Yeah, that looks better to me.

That said, maybe it would be even better to then make it more explicit
about what it does, and not make it look like just another wakeup with
an odd parameter.

IOW, maybe that "pollfree()" function itself could very much do the
waitqueue entry removal on each entry using list_del_init(), and not
expect the wakeup code for the entry to do so.

I think that kind of explicit "this removes all entries from the wait
list head" is better than "let's do a wakeup and expect all entries to
magically implicitly remove themselves".

After all, that "implicitly remove themselves" was what didn't happen,
and caused the bug in the first place.

And all the normal cases, that don't care about POLLFREE at all,
because their waitqueues don't go away from under them, wouldn't care,
because "list_del_init()" still  leaves a valid self-pointing list in
place, so if they do list_del() afterwards, nothing happens.

I dunno. But yes, that wake_up_pollfree() of yours certainly looks
better than what we have now.

> As for eliminating POLLFREE entirely, that would require that the waitqueue
> heads be moved to a location which has a longer lifetime.

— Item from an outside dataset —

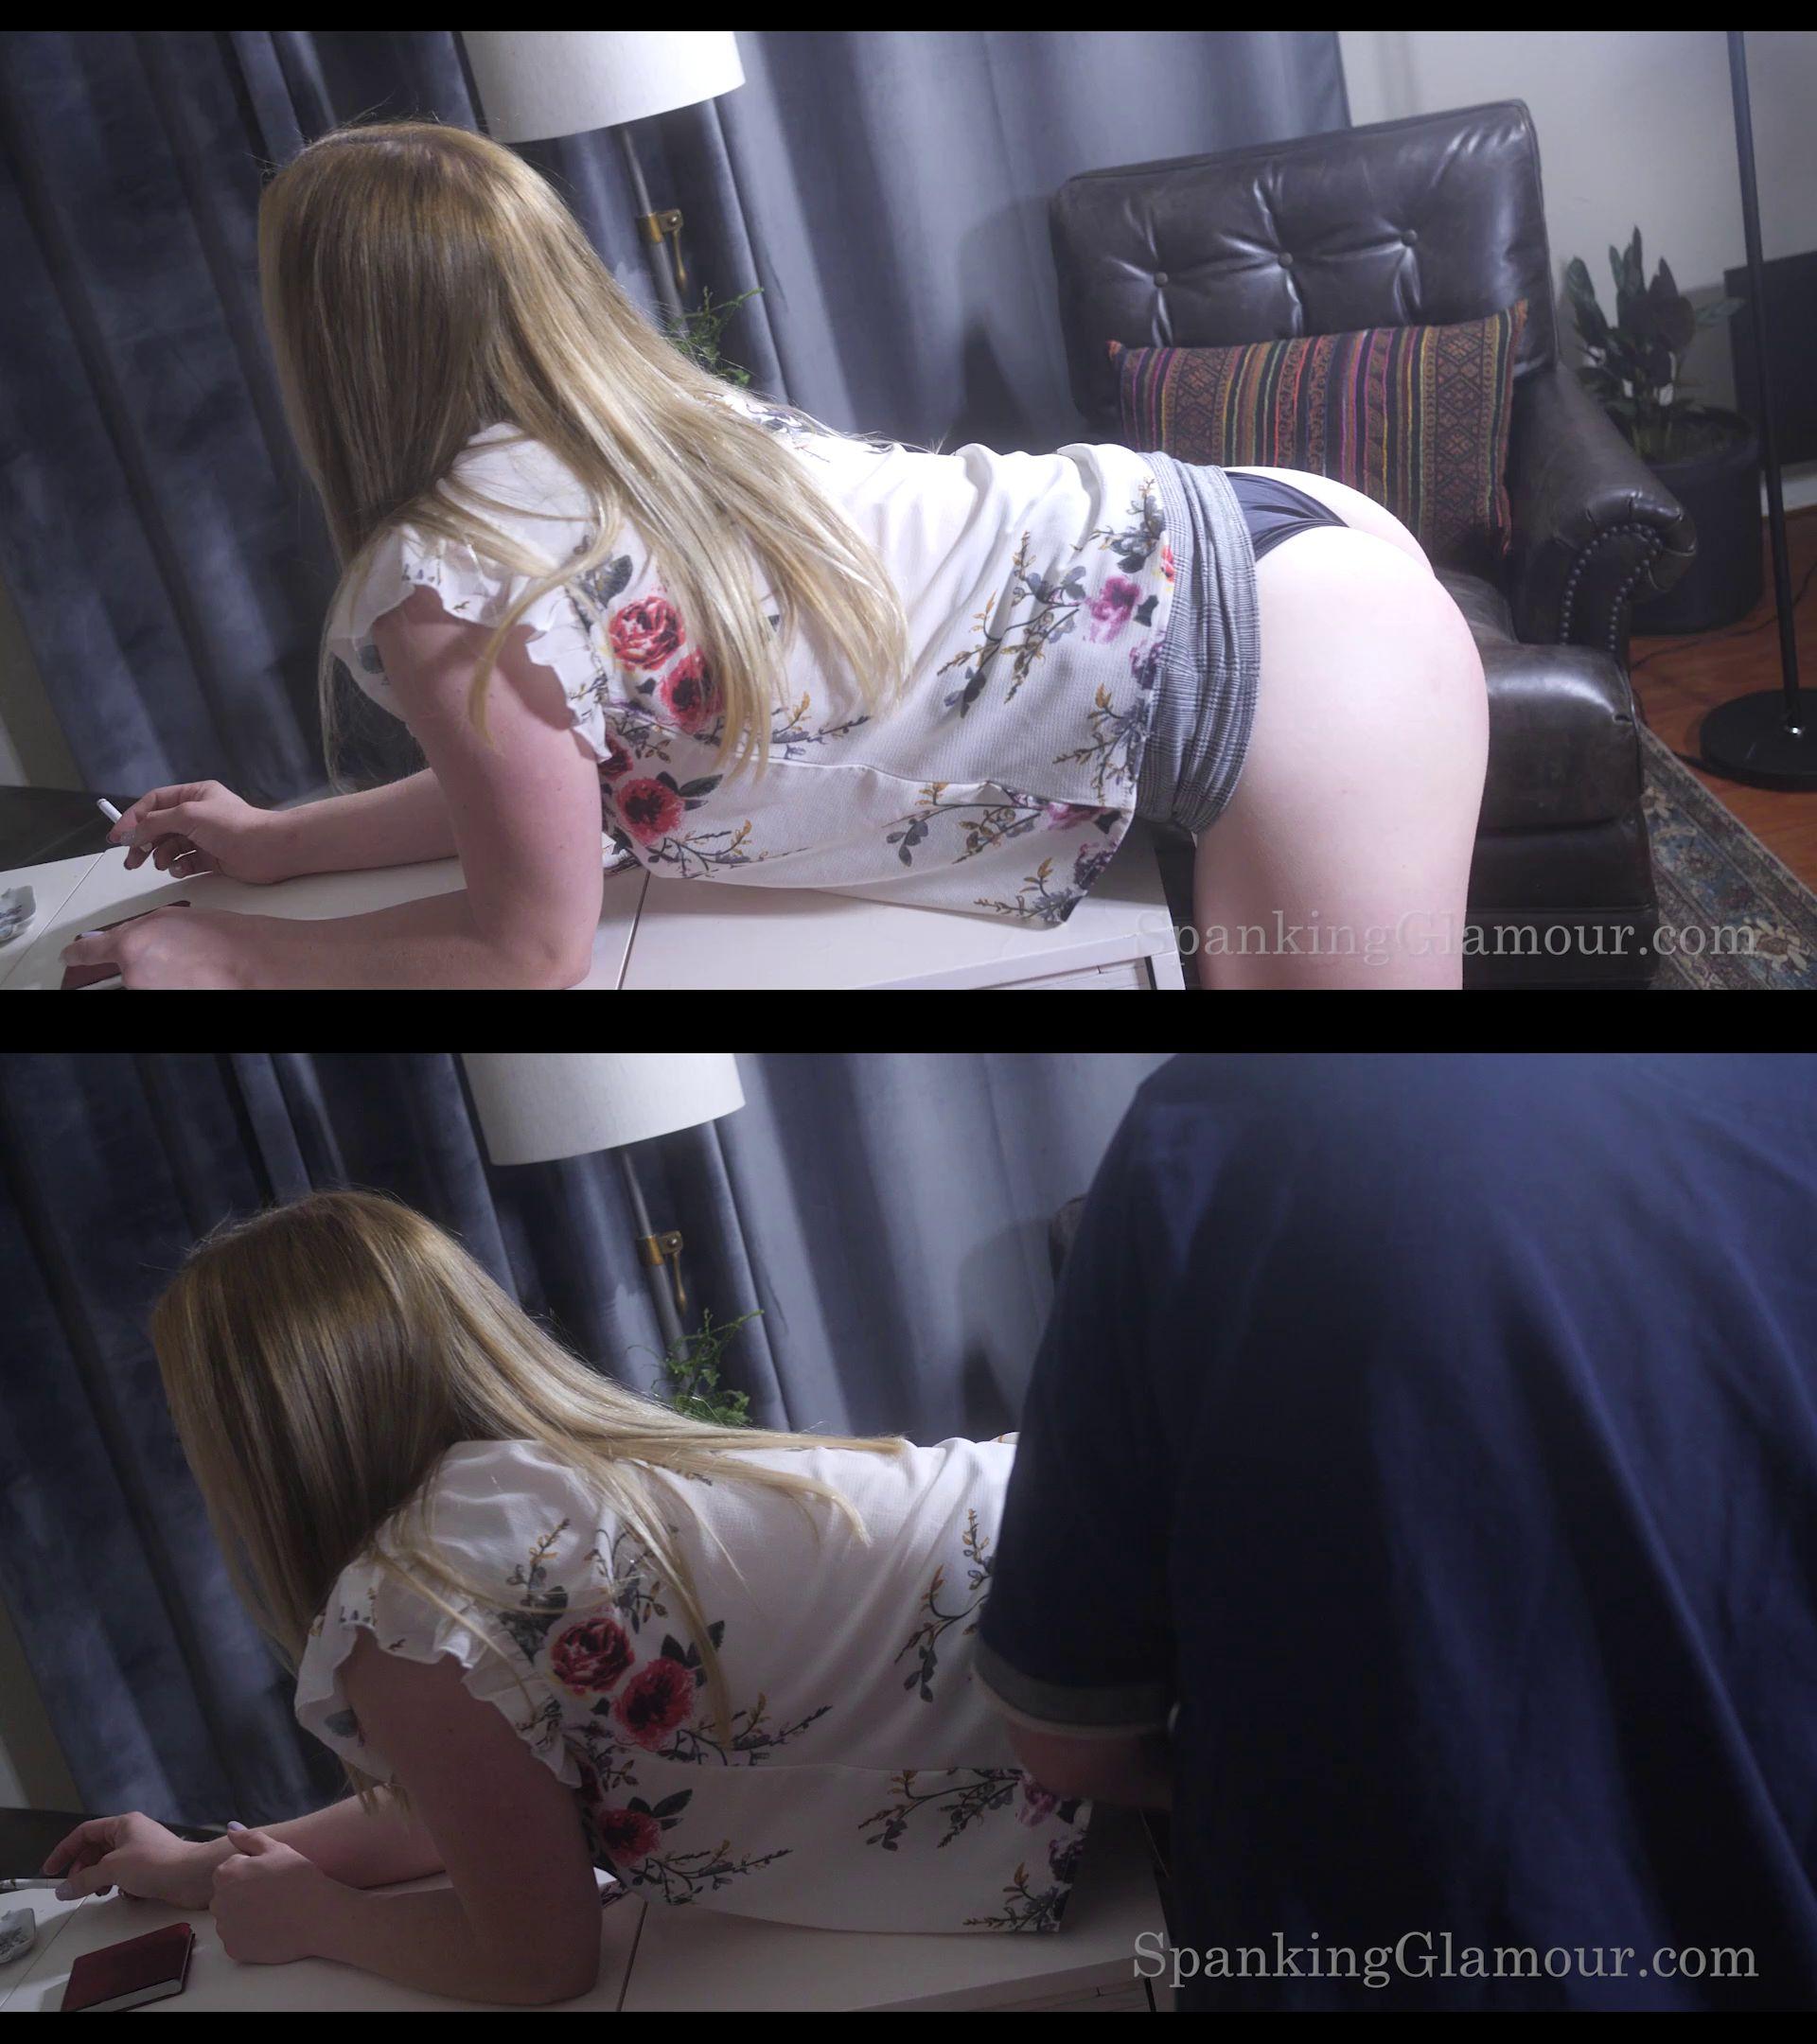 spankingglamor – MP4/HD – Lindsay Lee – Lindsay Lee 1

Yeah, the problem with aio and epoll is exactly that they end up using
waitqueue heads without knowing what they are.

I'm not at all convinced that there aren't other situations where the
thing the waitqueue head is embedded might not have other lifetimes.

The *common* situation is obviously that it's associated with a file,
and the file pointer ends up holding the reference to whatever device
or something (global list in a loadable module, or whatever) it is.

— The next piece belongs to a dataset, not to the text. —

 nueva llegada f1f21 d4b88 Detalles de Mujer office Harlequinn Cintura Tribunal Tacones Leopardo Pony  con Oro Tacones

Hmm. The poll_wait() callback function actually does get the 'struct
file *' that the wait is associated with. I wonder if epoll queueing
could actually increment the file ref when it creates its own wait
entry, and release it at ep_remove_wait_queue()?

Maybe epoll could avoid having to remove entries entirely that way -
simply by virtue of having a ref to the files - and remove the need
for having the ->whead pointer entirely (and remove the need for
POLLFREE handling)?

And maybe the signalfd case can do the same - instead of expecting
exit() to clean up the list when sighand->count goes to zero, maybe
the signalfd filp can just hold a ref to that 'struct sighand_struct',
and it gets free'd whenever there are no signalfd users left?

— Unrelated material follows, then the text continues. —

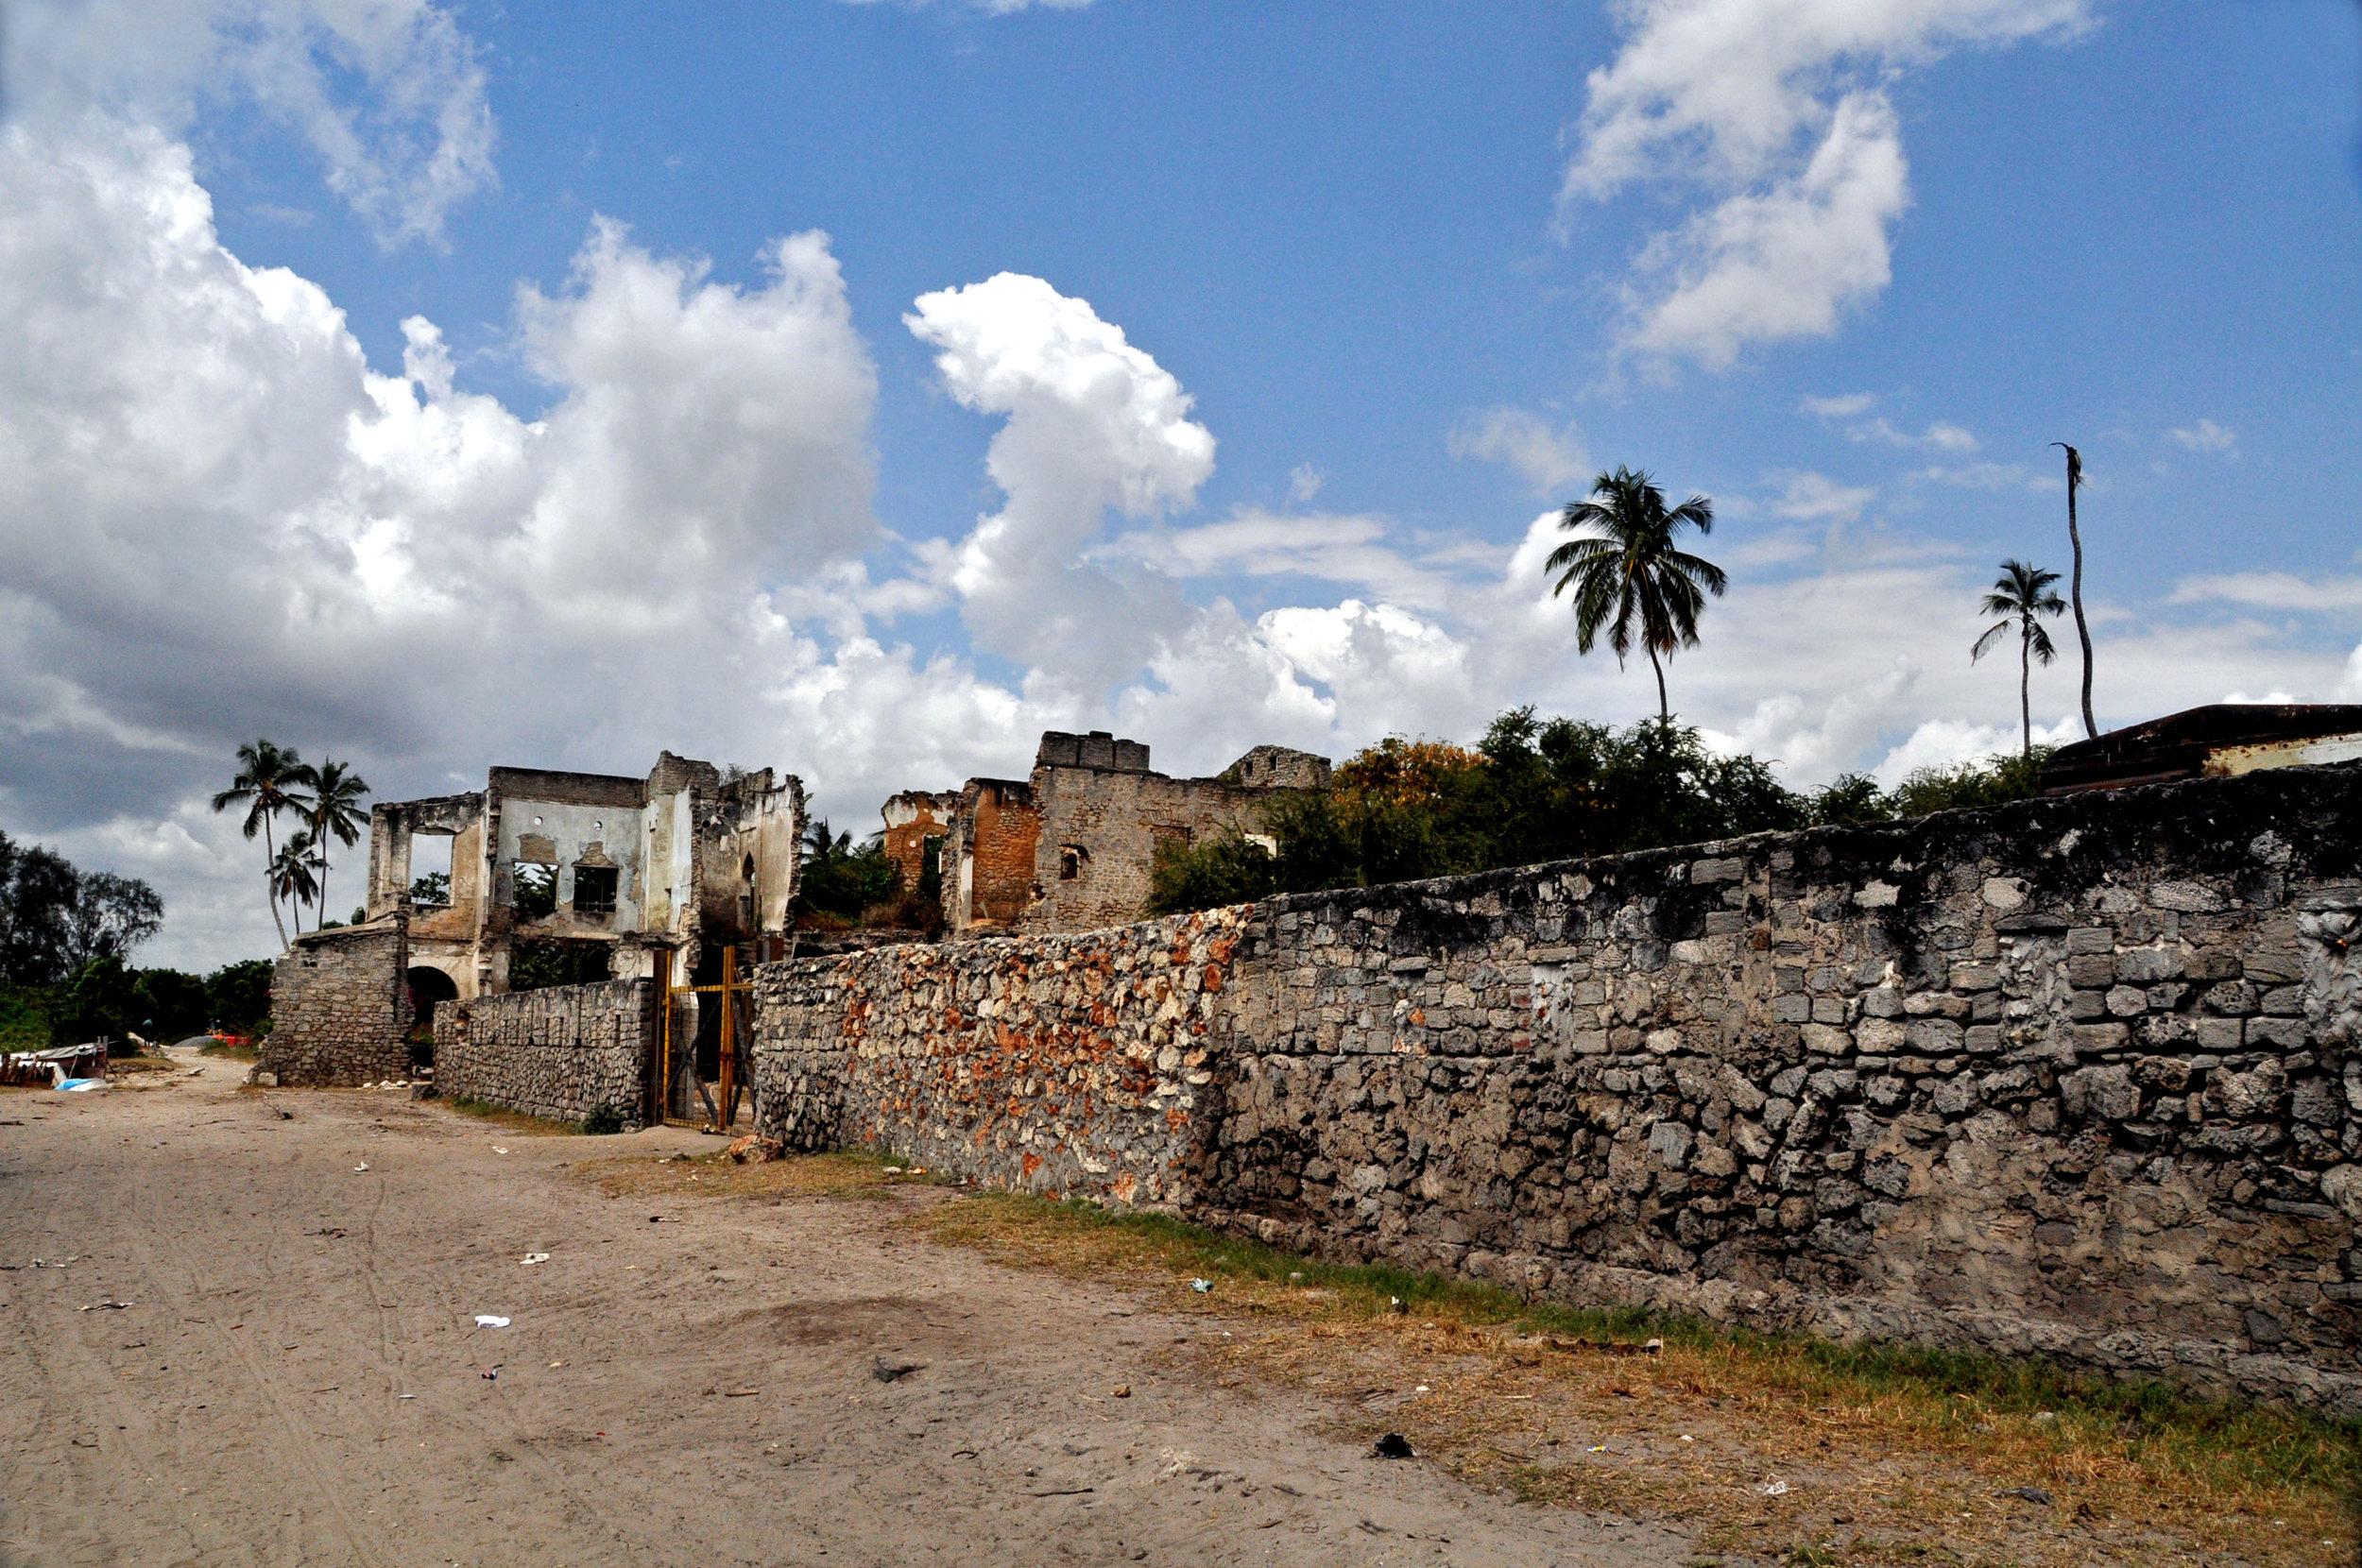 Bagamoyo c. 21st century

That would involve making signalfd_ctx actually tied to one particular
'struct signal', but that might be the right thing to do regardless
(instead of making it always act on 'current' like it does now).

So maybe with some re-organization, we could get rid of the need for
POLLFREE entirely.. Anybody?

But your patches are certainly simpler in that they just fix the status quo.

             Linus
Eric Biggers Dec. 7, 2021, 10:21 a.m. UTC | #4
On Mon, Dec 06, 2021 at 01:48:04PM -0800, Linus Torvalds wrote:
> On Mon, Dec 6, 2021 at 11:54 AM Eric Biggers <ebiggers@kernel.org> wrote:
> >
> > It could be fixed by converting signalfd and binder to use something like this,
> > right?
> >
> >         #define wake_up_pollfree(x)  \
> >                __wake_up(x, TASK_NORMAL, 0, poll_to_key(EPOLLHUP | POLLFREE))
> 
> Yeah, that looks better to me.
> 
> That said, maybe it would be even better to then make it more explicit
> about what it does, and not make it look like just another wakeup with
> an odd parameter.
> 
> IOW, maybe that "pollfree()" function itself could very much do the
> waitqueue entry removal on each entry using list_del_init(), and not
> expect the wakeup code for the entry to do so.
> 
> I think that kind of explicit "this removes all entries from the wait
> list head" is better than "let's do a wakeup and expect all entries to
> magically implicitly remove themselves".
> 
> After all, that "implicitly remove themselves" was what didn't happen,
> and caused the bug in the first place.
> 
> And all the normal cases, that don't care about POLLFREE at all,
> because their waitqueues don't go away from under them, wouldn't care,
> because "list_del_init()" still  leaves a valid self-pointing list in
> place, so if they do list_del() afterwards, nothing happens.
> 
> I dunno. But yes, that wake_up_pollfree() of yours certainly looks
> better than what we have now.

In v2 (https://lore.kernel.org/r/20211207095726.169766-1-ebiggers@kernel.org/),
I did end up making wake_up_pollfree() into a function, which calls __wake_up()
and also checks that the queue became empty.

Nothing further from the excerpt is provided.